**Task to carry out:** Copy, please, the line with "黒 グレー 【中古】【k】" and each line that follows it through the end of the data below, exactly as given and without pictures.

(Data extracted from a collection)
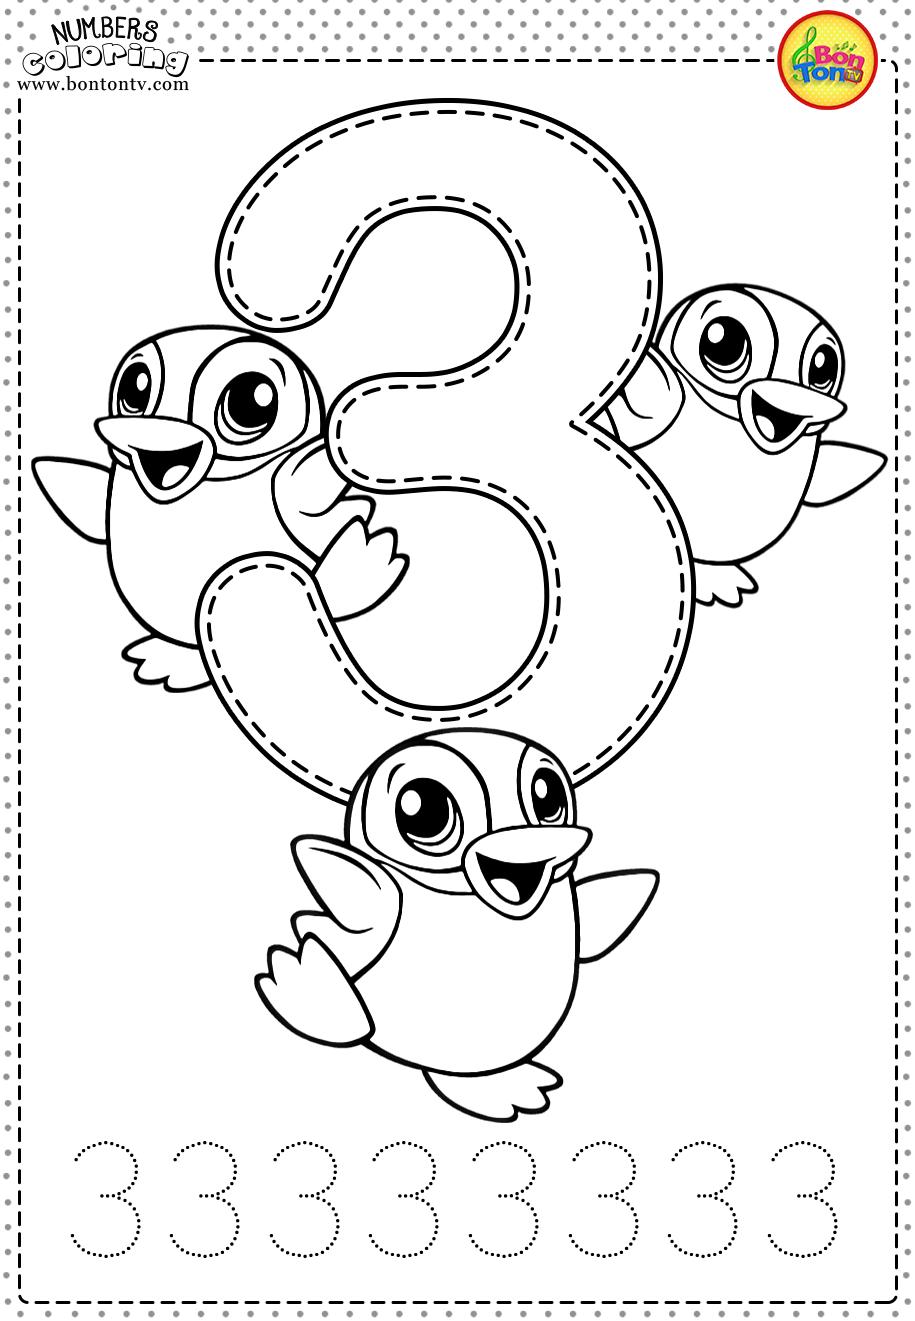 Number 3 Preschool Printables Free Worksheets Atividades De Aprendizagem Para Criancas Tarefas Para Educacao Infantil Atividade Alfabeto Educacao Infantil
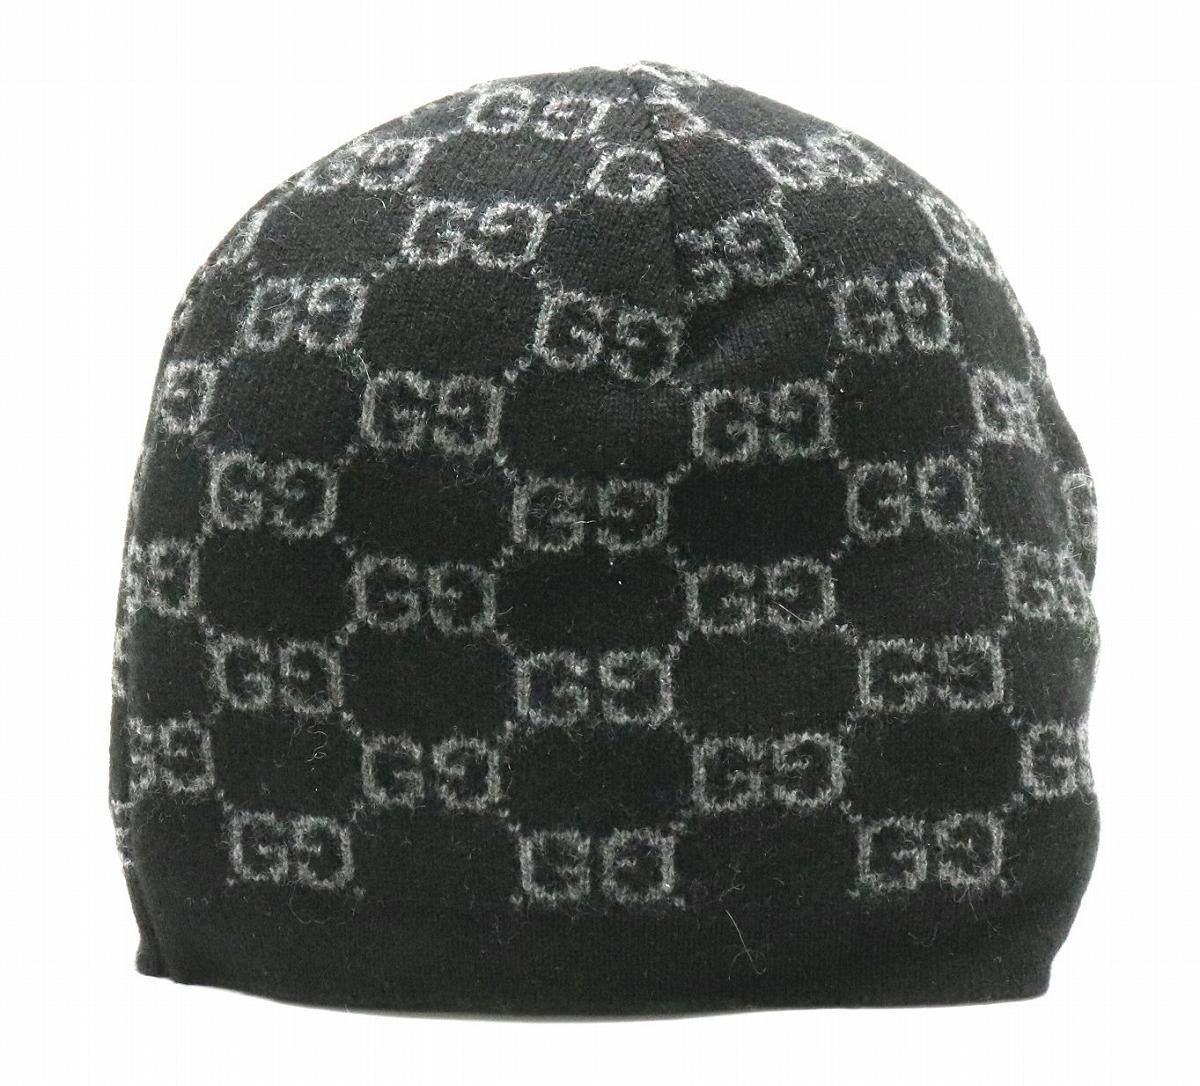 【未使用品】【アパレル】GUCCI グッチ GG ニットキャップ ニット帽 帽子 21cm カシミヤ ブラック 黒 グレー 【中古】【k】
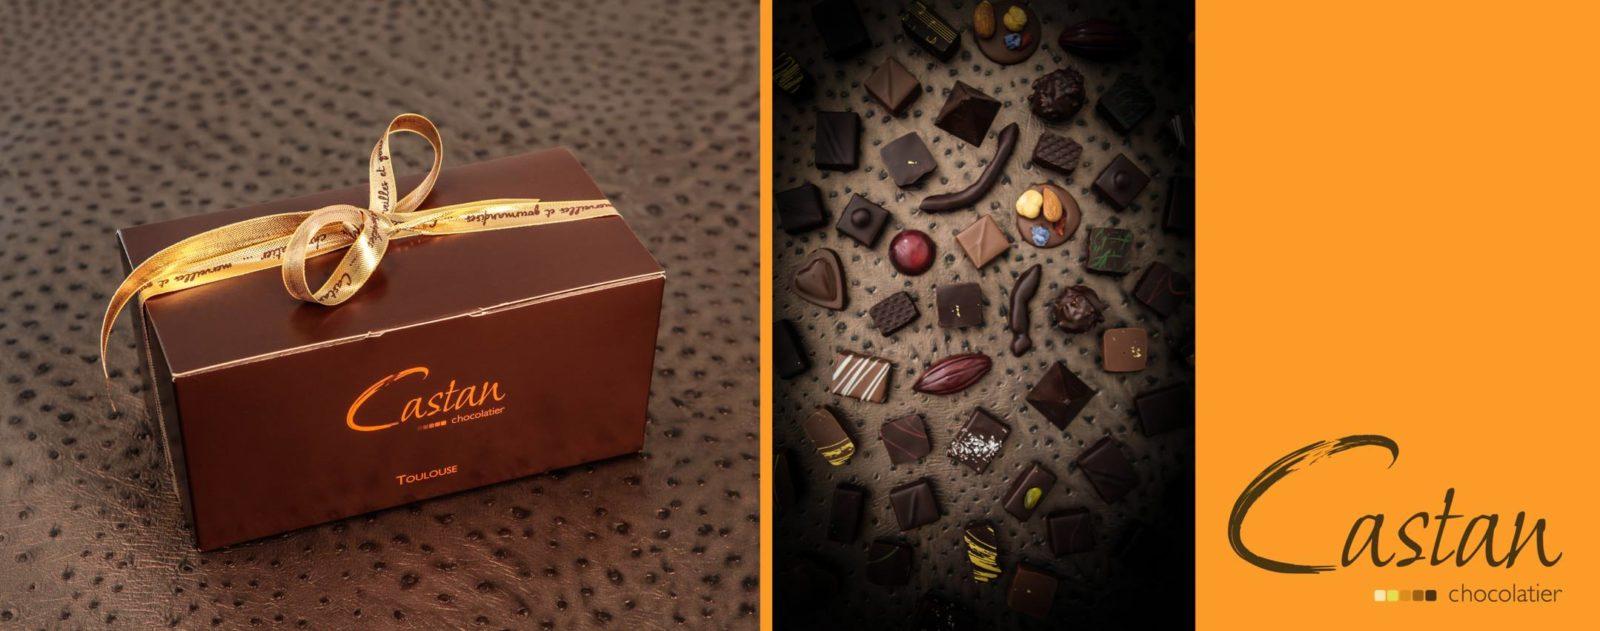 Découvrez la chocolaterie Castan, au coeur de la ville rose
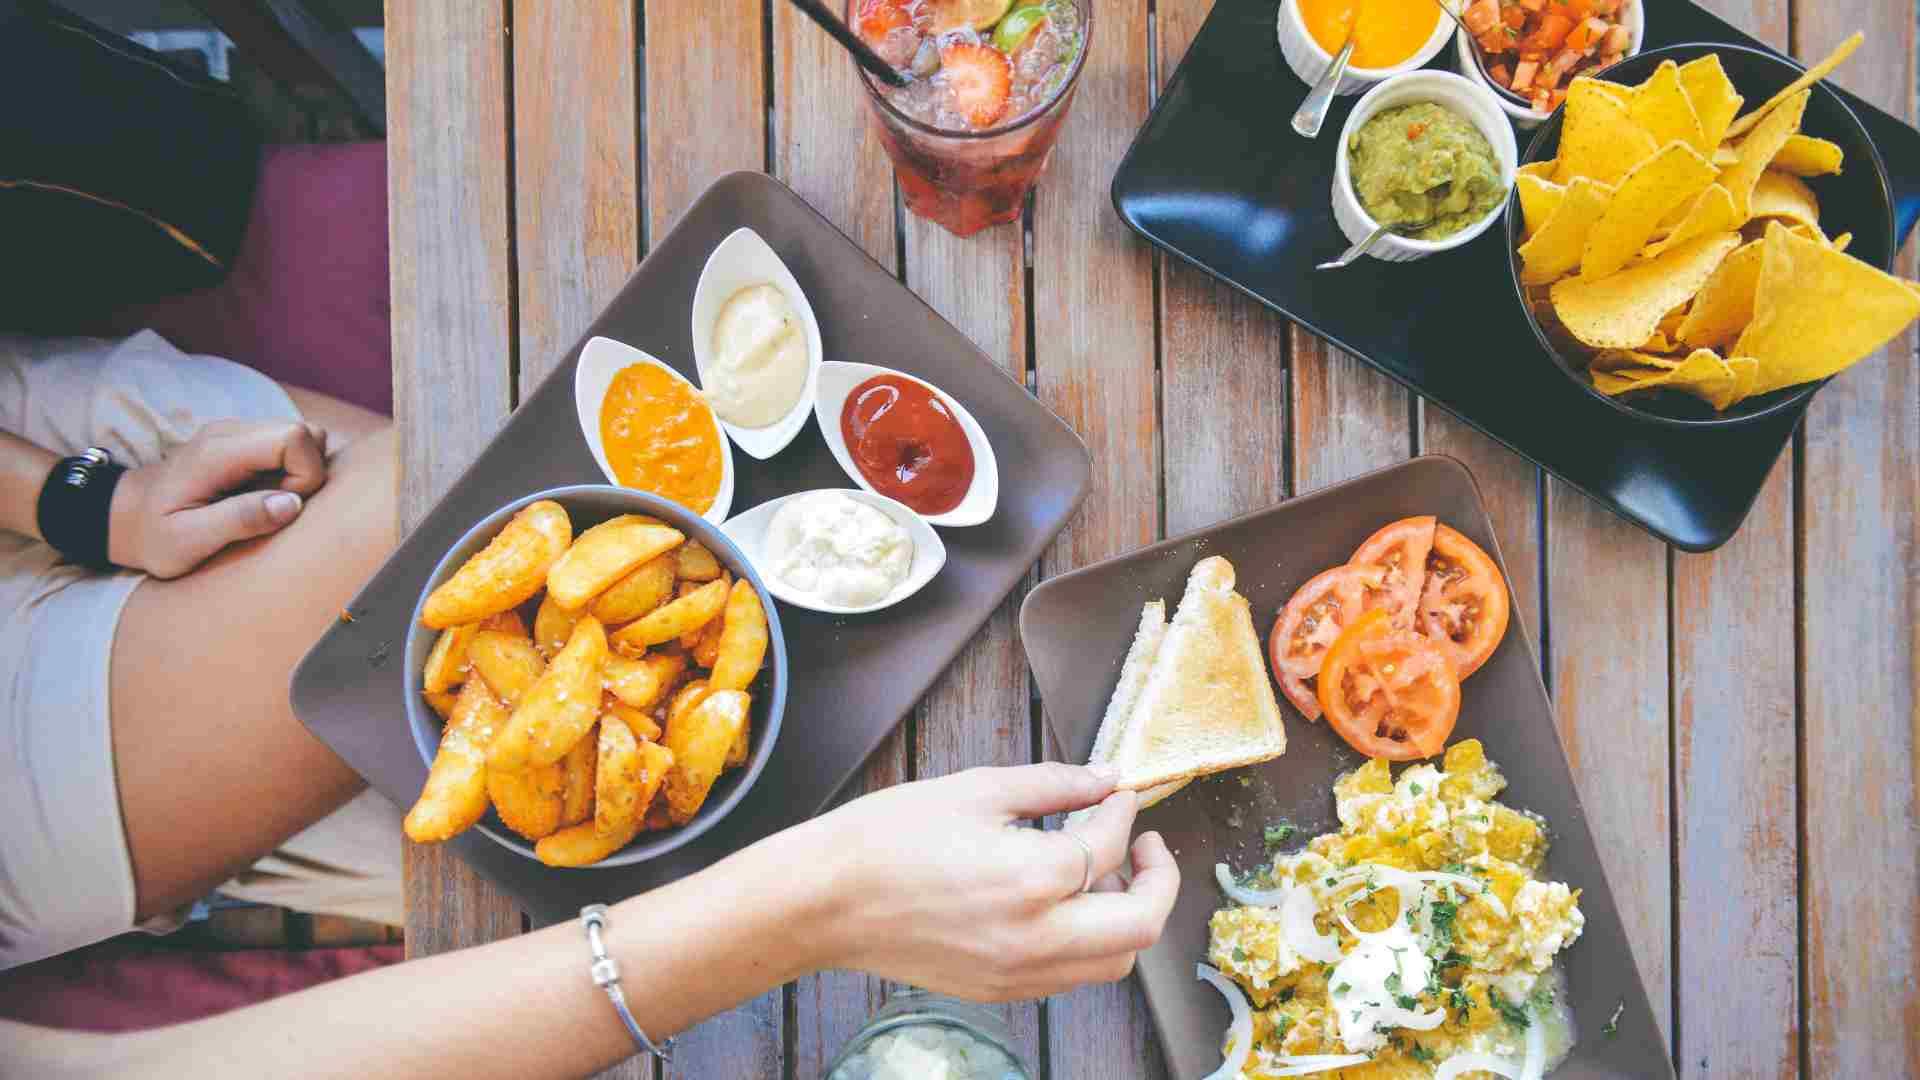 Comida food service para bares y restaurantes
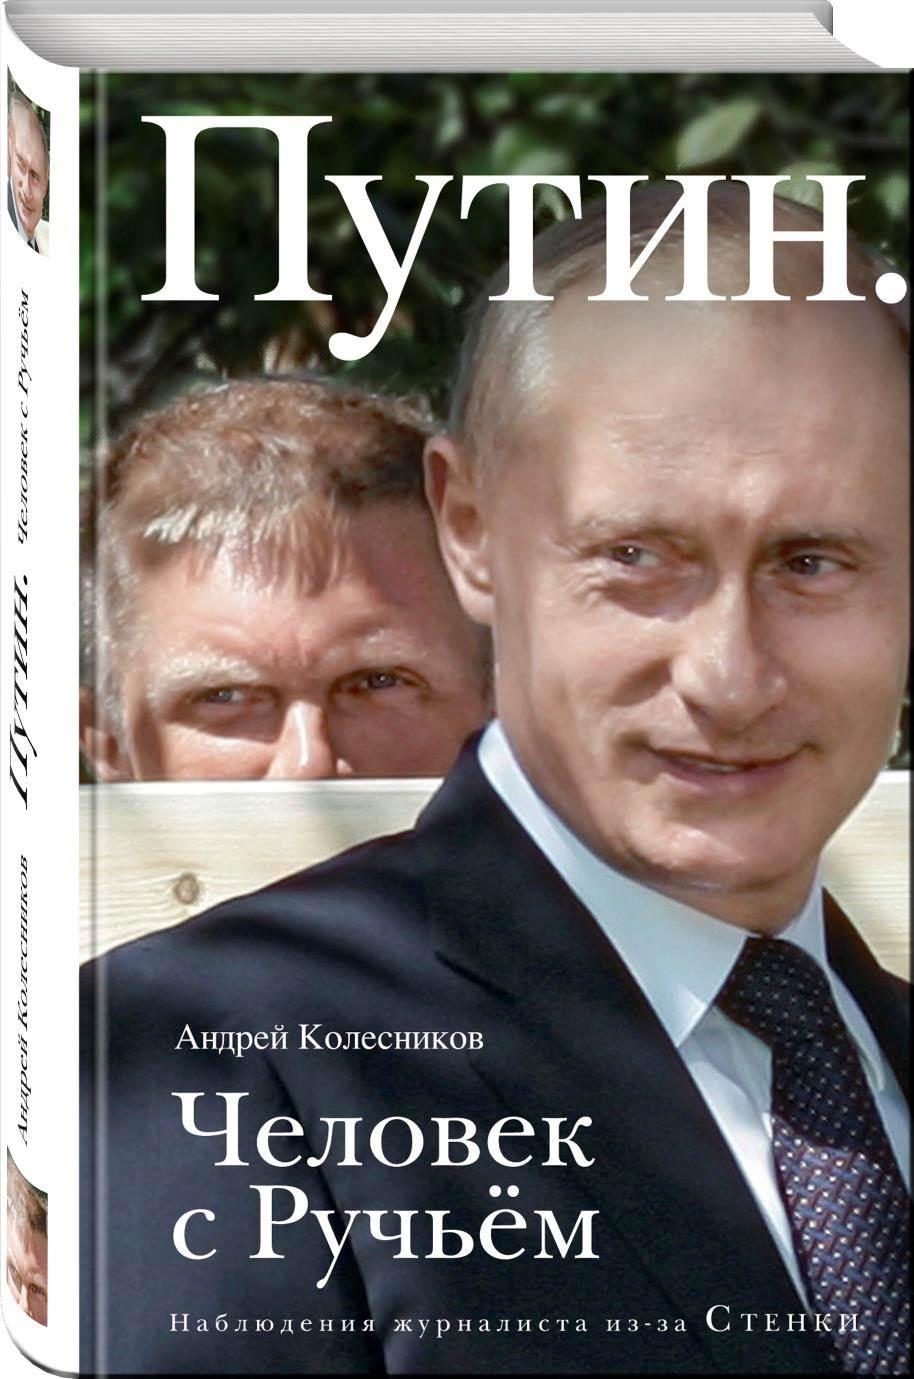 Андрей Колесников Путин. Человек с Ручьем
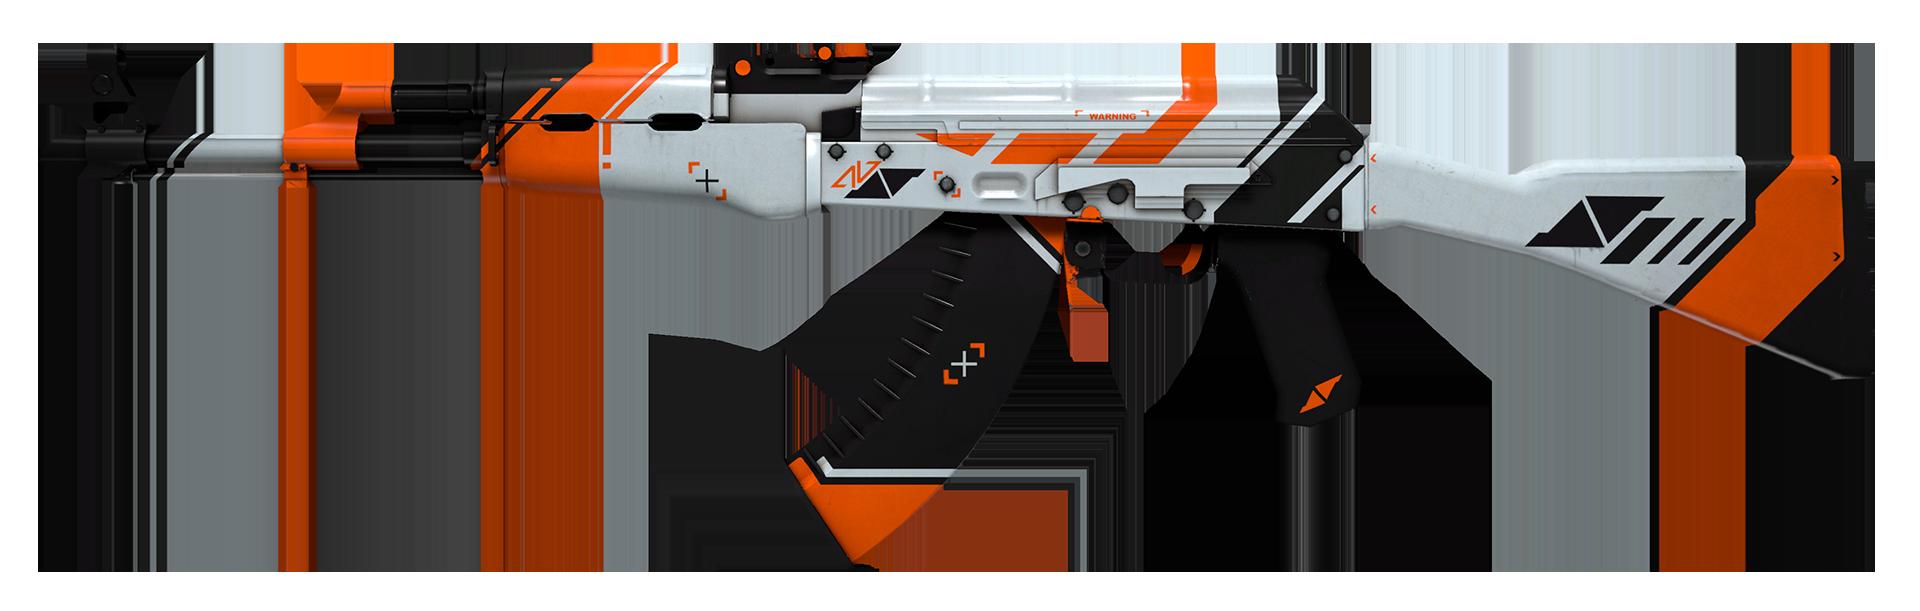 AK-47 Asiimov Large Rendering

**Task answer:**
 【未使用品】【アパレル】GUCCI グッチ GG ニットキャップ ニット帽 帽子 21cm カシミヤ ブラック 黒 グレー 【中古】【k】
 Découvrez la chocolaterie Castan, au coeur de la ville rose
 Comida food service para bares y restaurantes
 Андрей Колесников Путин. Человек с Ручьем
 AK-47 Asiimov Large Rendering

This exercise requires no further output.